Wednesday 10 January 2018

HOSTILES

Starring: Christian Bale, Rosamund Pike, Wes Studi
Writer: Scott Cooper (from a manuscript by Donald E. Stewart)
Director: Scott Cooper


In the 1890s grizzled, veteran Army Captain Joseph Blocker (Bale) is given an assignment to escort dying Cheyenne Chief Yellow Hawk (Studi) back to his homelands in Montana. The two men have previously lost friends at the hands of each other in many bloody battles but that chequered history could turn out to be the least of their problems in a journey fraught with danger, which is further complicated when their travelling party encounters a widow (Pike) in the wilderness...

If you saw the trailer for Hostiles and thought it was an action movie let me stop you right there, pardner. Yes, there is action, but those sequences are few and far between. This is a film about conflict but the verbal and the internal varieties are given as much, if not more, precedence than the scalpings and the flying bullets.

Oh yes, if you were expecting line 'em up, shoot 'em down sequences then let me stop you right there, pardner - if you hadn't already stopped from when I said you should stop right there the previous time. The bursts of violence here are grim, up close, personal, down and dirty affairs in which the you feel the pain of its victims. Flashy, glamorous gunfights are not the order of the day.

Hostiles takes its time in putting its characters through the wringer and its slow pace may mean that some won't stay the course, especially when it's piling on the misery (which it does almost relentlessly). However, for those willing to stick with it there are rewards to be found, mostly in the excellent performances.

Bale is never less than convincing as Blocker, worn down by a career drenched with the blood of others and wondering if he's truly beyond salvation.

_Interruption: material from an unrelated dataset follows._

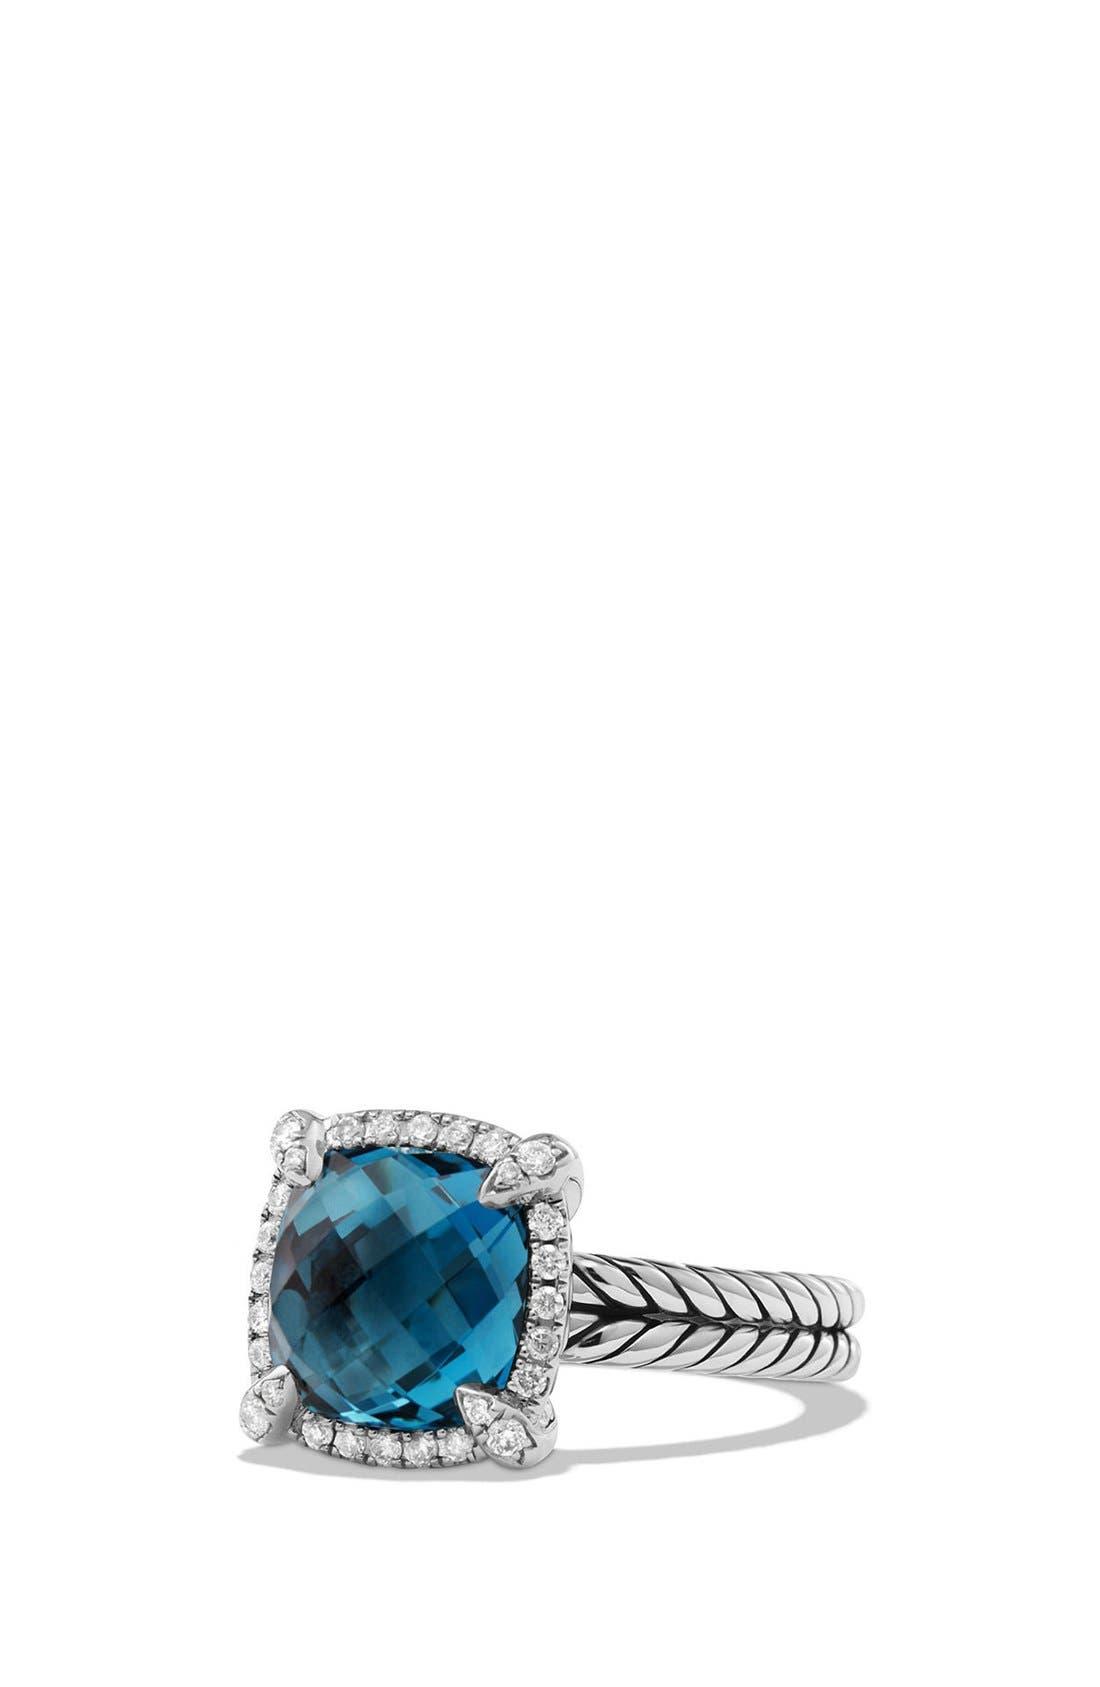 'Châtelaine' Small Pavé Bezel Ring with Diamonds,                         Main,                         color, Blue Topaz

Studi is terrific, bringing an air of quiet authority and wisdom but also weighed down by the violence of his past. Then there's Pike, whose portrayal of grief is so strong that it's almost unbearable to watch in places.

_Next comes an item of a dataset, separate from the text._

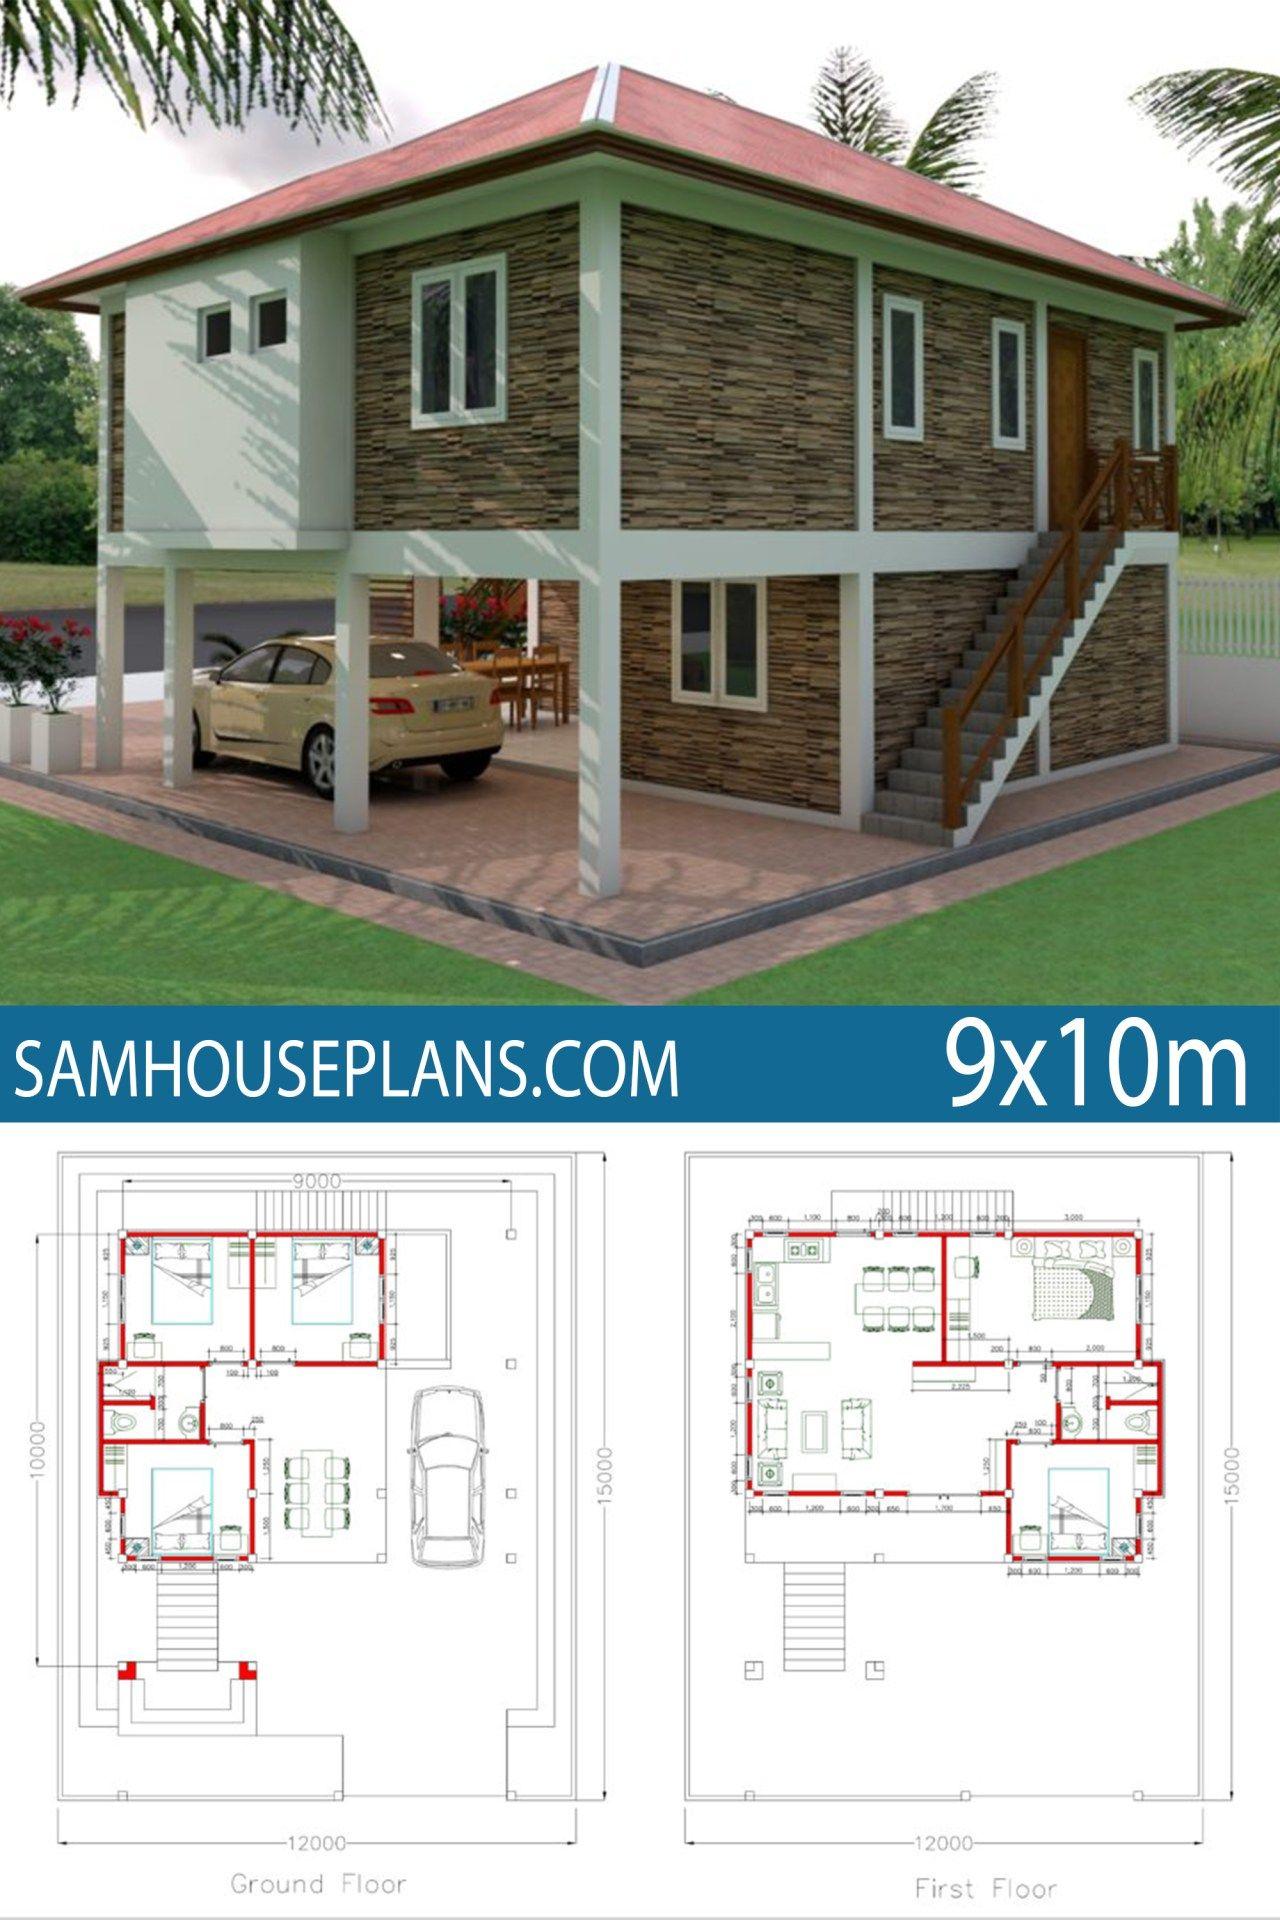 Home Design Plan 9x10m 5 Bedrooms Sam House Plans House Design Model House Plan House Plans

The script doesn't quite fulfil its promise, its meditations on who exactly the bad guys are being a touch heavy-handed in places - tagline: We are all hostiles - and the denouement can't resist trowelling on even more bleakness, double-underlining a point that had already been made earlier. It then gives way to a final scene which arguably ties things up somewhat too neatly but, given what's gone before, at least sends you out of the cinema clinging to some form of hope.

A modern Western which utilises the classic template of that genre while trying to portray that period of history from a different viewpoint, Hostiles doesn't quite get the balance right and it isn't the revisionist masterpiece it so diligently strives to be. That doesn't stop it from being a damn good drama though and it's well worth watching for the work of its exemplary cast.